Task requirements. Would you write out, exactly as they stand, all lines from the one containing "Explains something that, if not" through the end of the listing below, and only those?
○ ○ ○
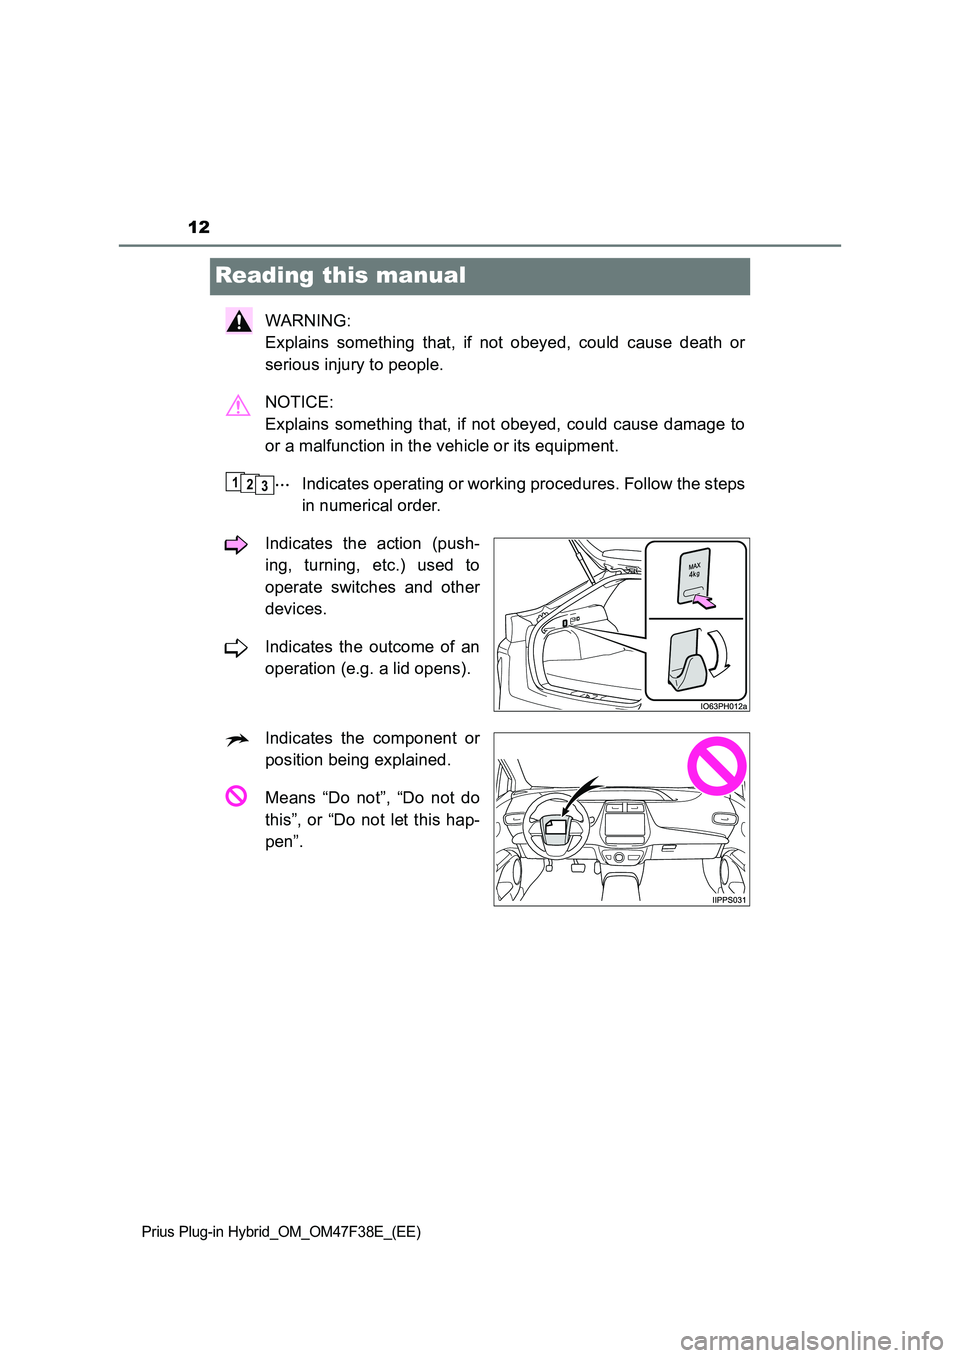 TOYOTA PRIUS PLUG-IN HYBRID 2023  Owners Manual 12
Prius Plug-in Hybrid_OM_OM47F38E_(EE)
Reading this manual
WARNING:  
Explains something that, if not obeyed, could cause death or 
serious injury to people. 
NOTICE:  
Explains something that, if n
○ ○ ○
Your response.
Explains something that, if not obeyed, could cause death or 
serious injury to people. 
NOTICE:  
Explains something that, if n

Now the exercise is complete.